Below are some records. Write out exactly their lines from the one with "Komi-san wa Komyushou" through the one with "Cómo construyó Brunelleschi", and leave the pictures behind.

→ **Data for analysis**
● ● ● ●

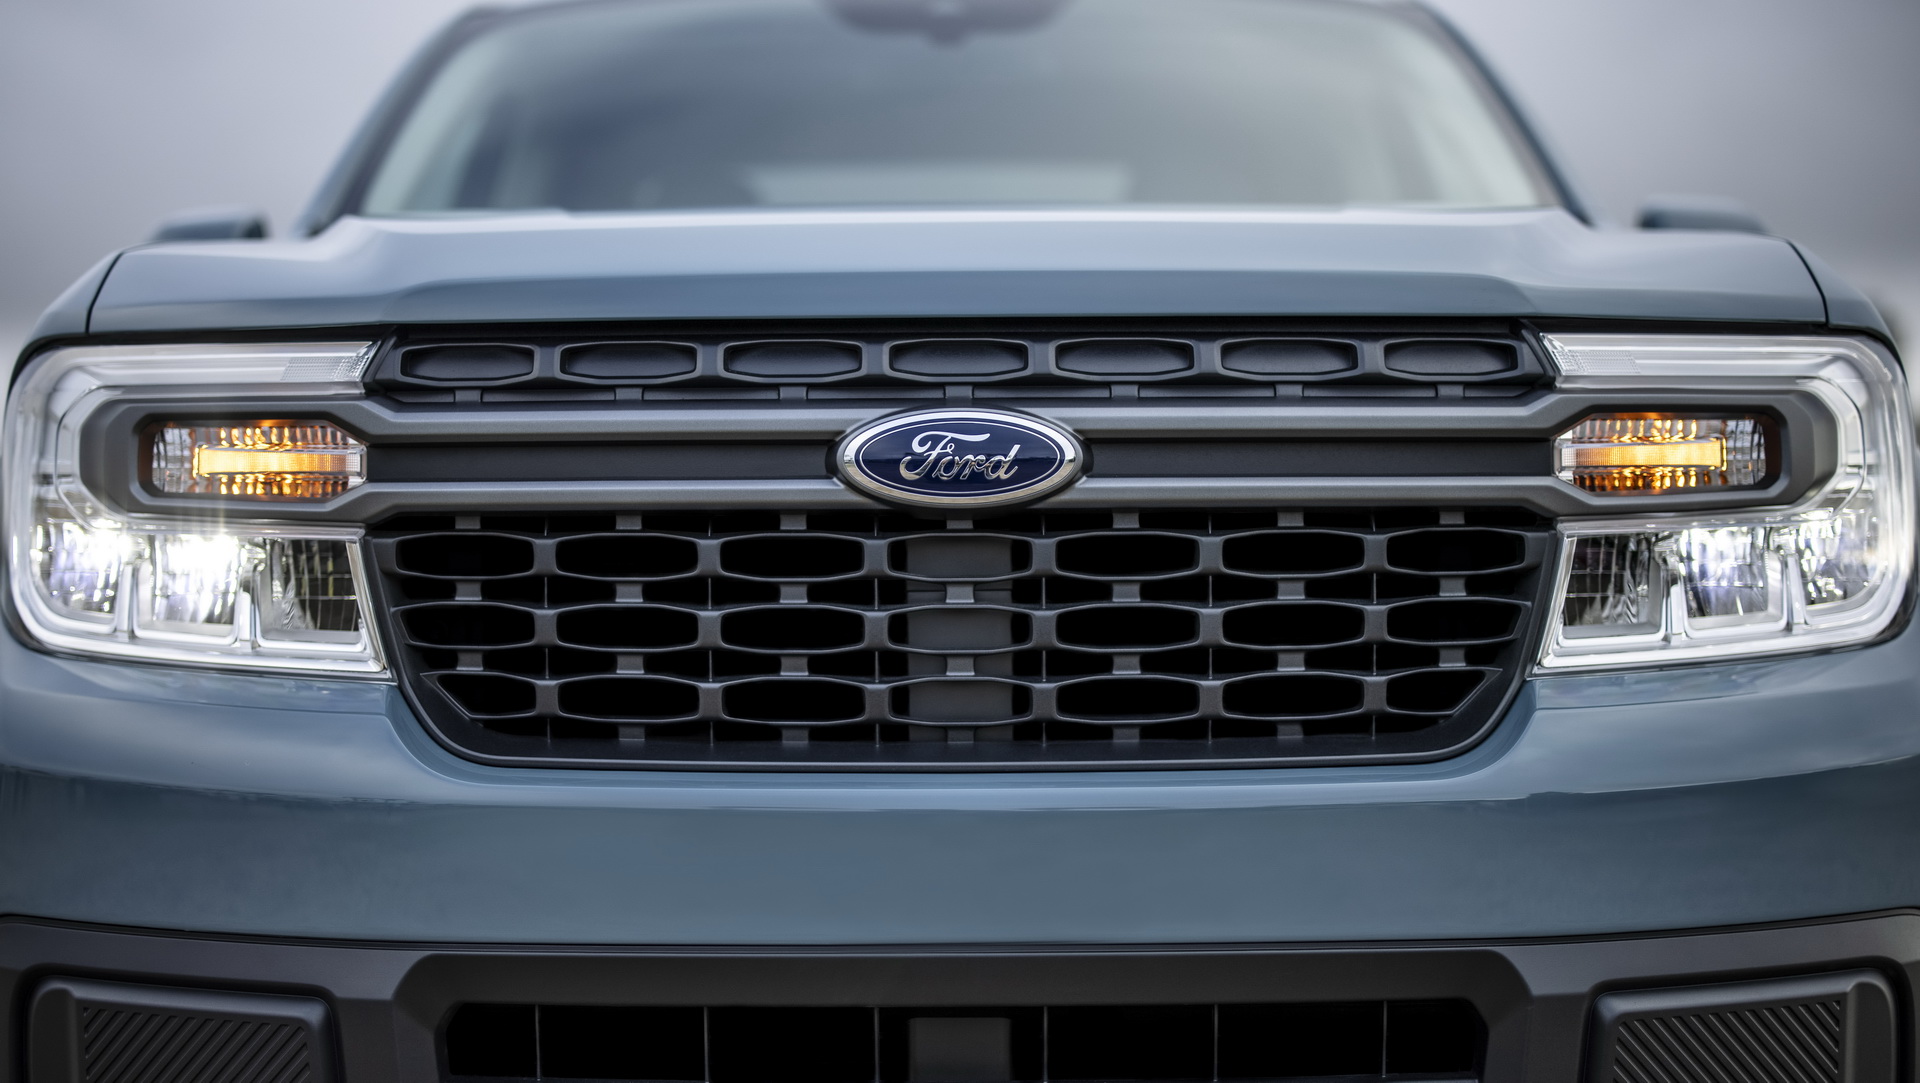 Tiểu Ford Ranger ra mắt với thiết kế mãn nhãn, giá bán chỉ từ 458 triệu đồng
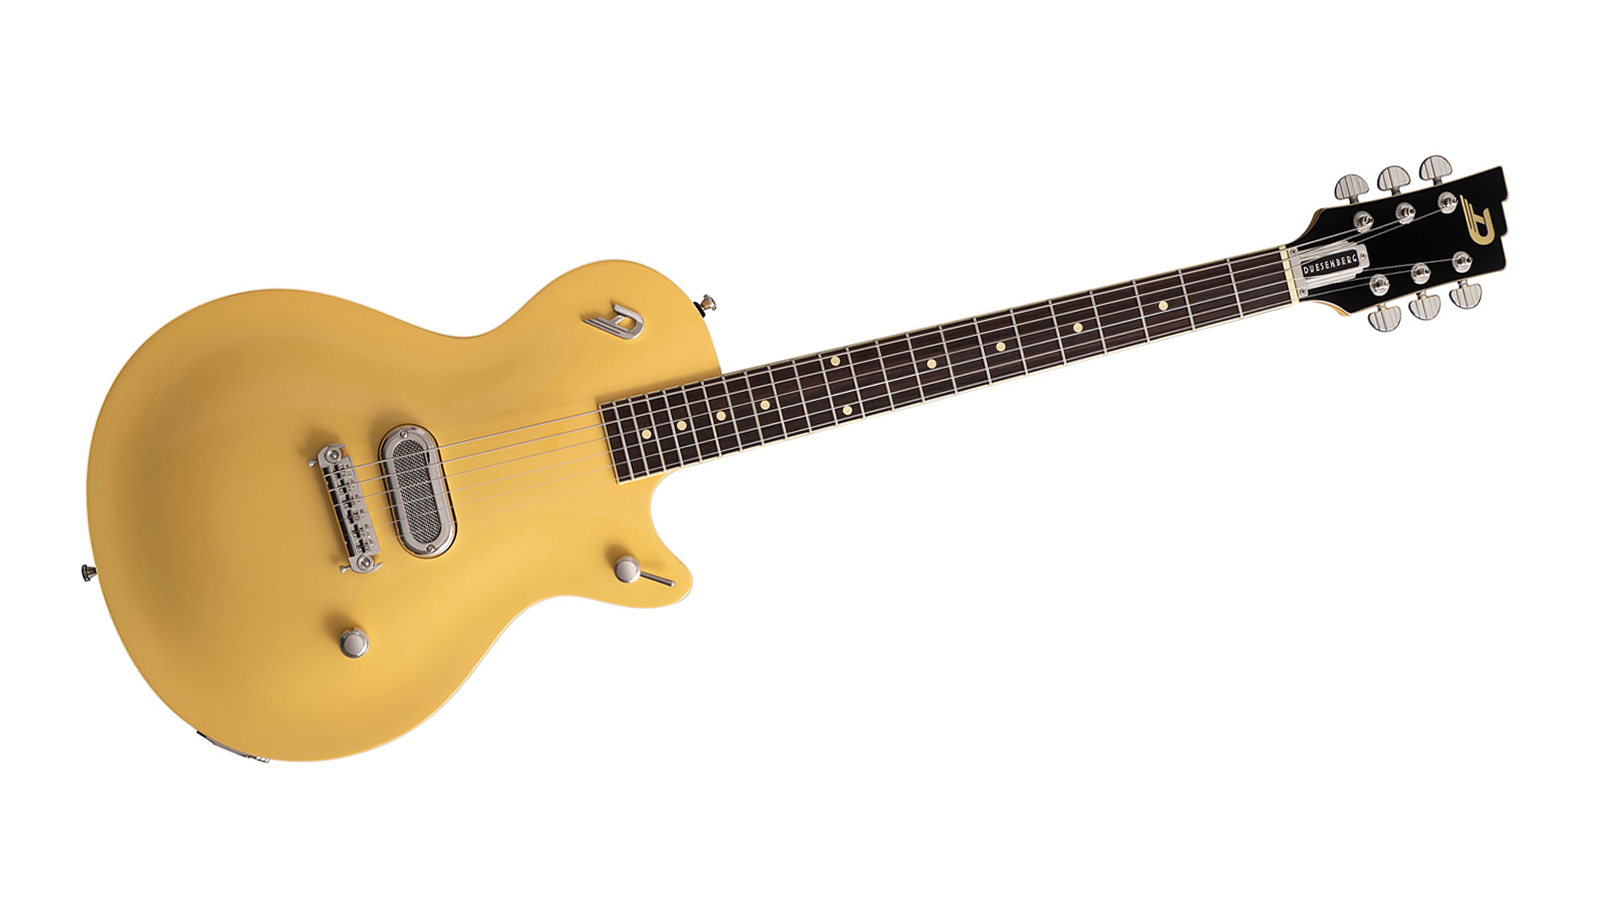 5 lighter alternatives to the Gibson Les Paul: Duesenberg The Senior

● ● ● ●

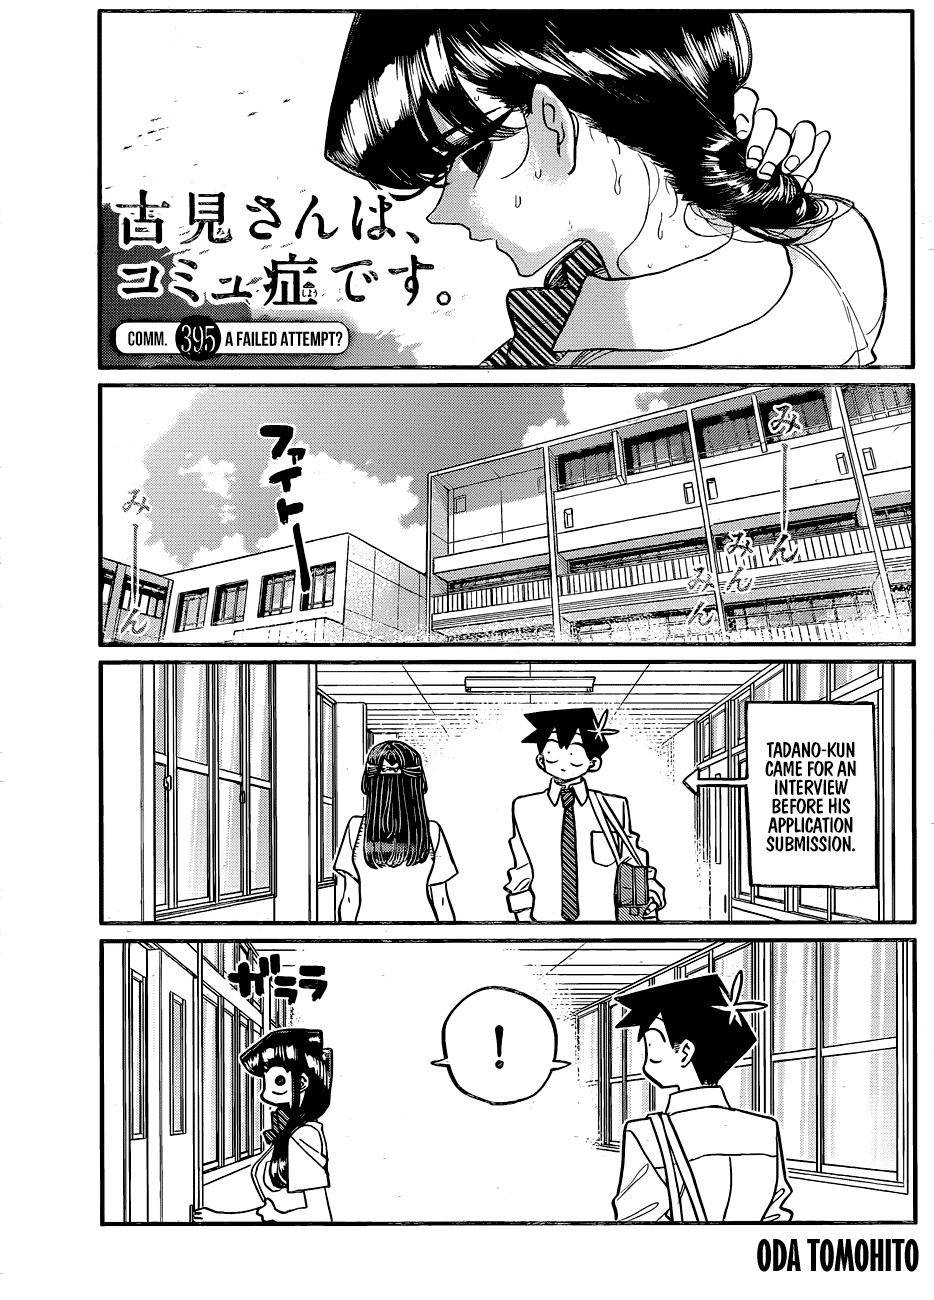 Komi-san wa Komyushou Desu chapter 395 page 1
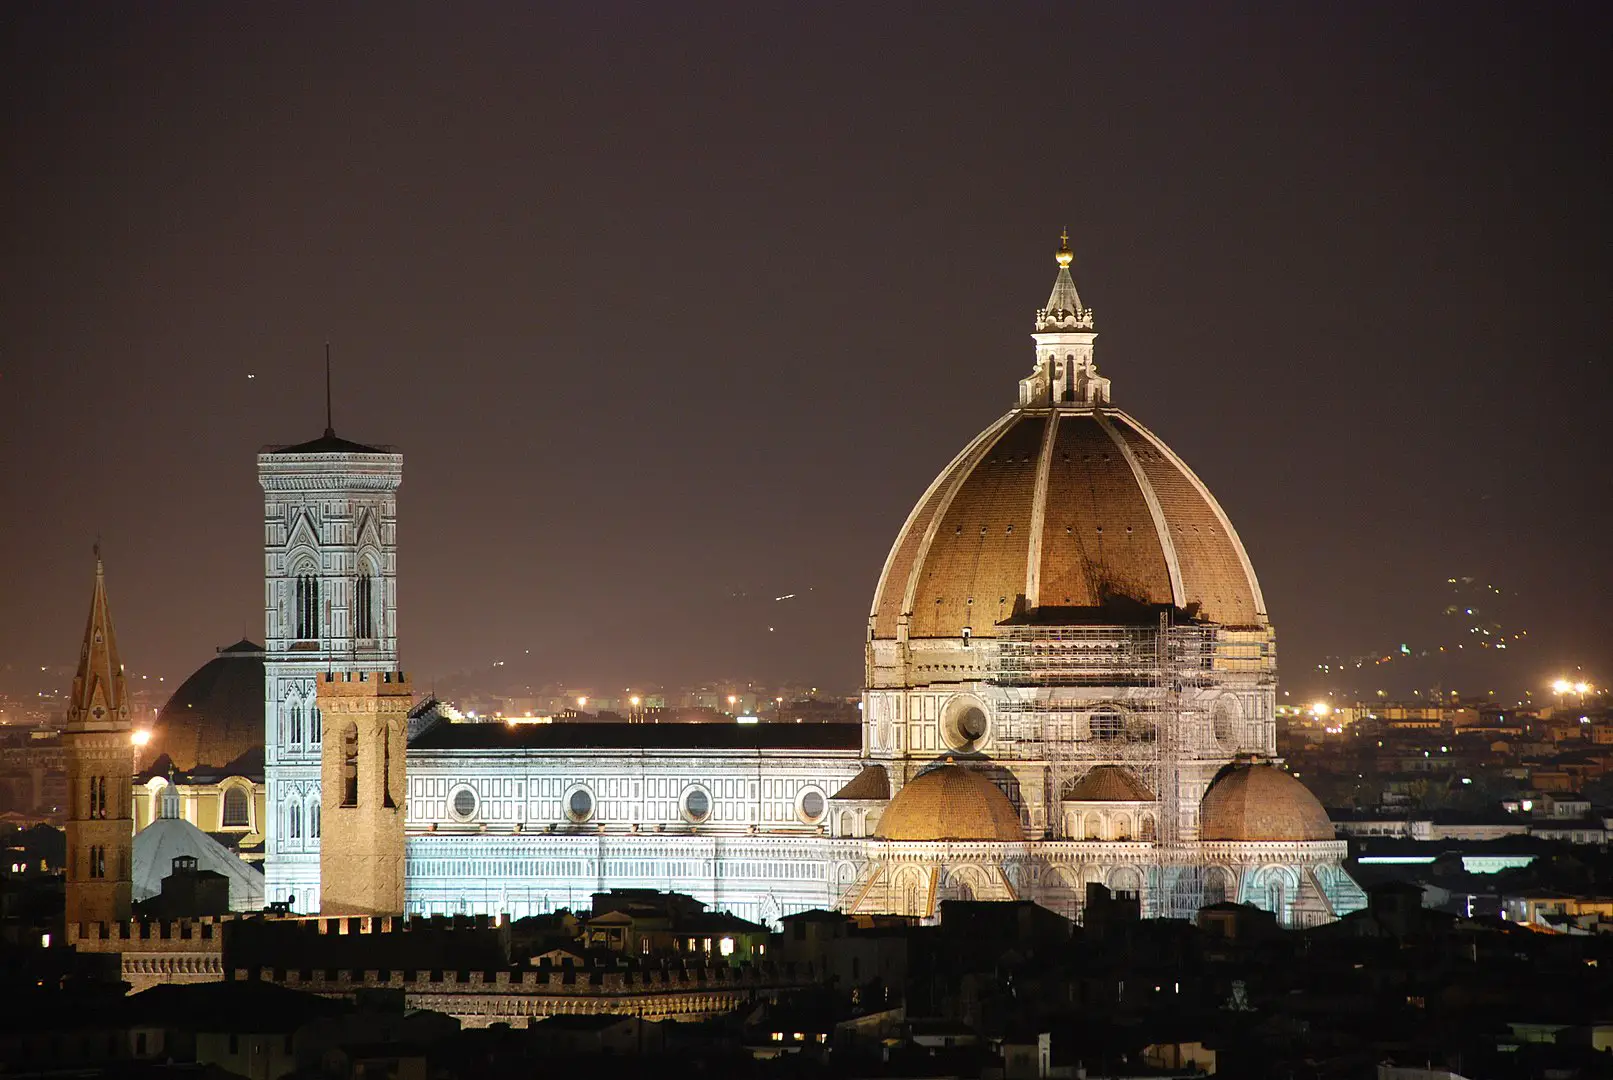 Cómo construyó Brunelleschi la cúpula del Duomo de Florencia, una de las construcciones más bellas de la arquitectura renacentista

● ● ● ●

→ **Exercise answer**
 Komi-san wa Komyushou Desu chapter 395 page 1
 Cómo construyó Brunelleschi la cúpula del Duomo de Florencia, una de las construcciones más bellas de la arquitectura renacentista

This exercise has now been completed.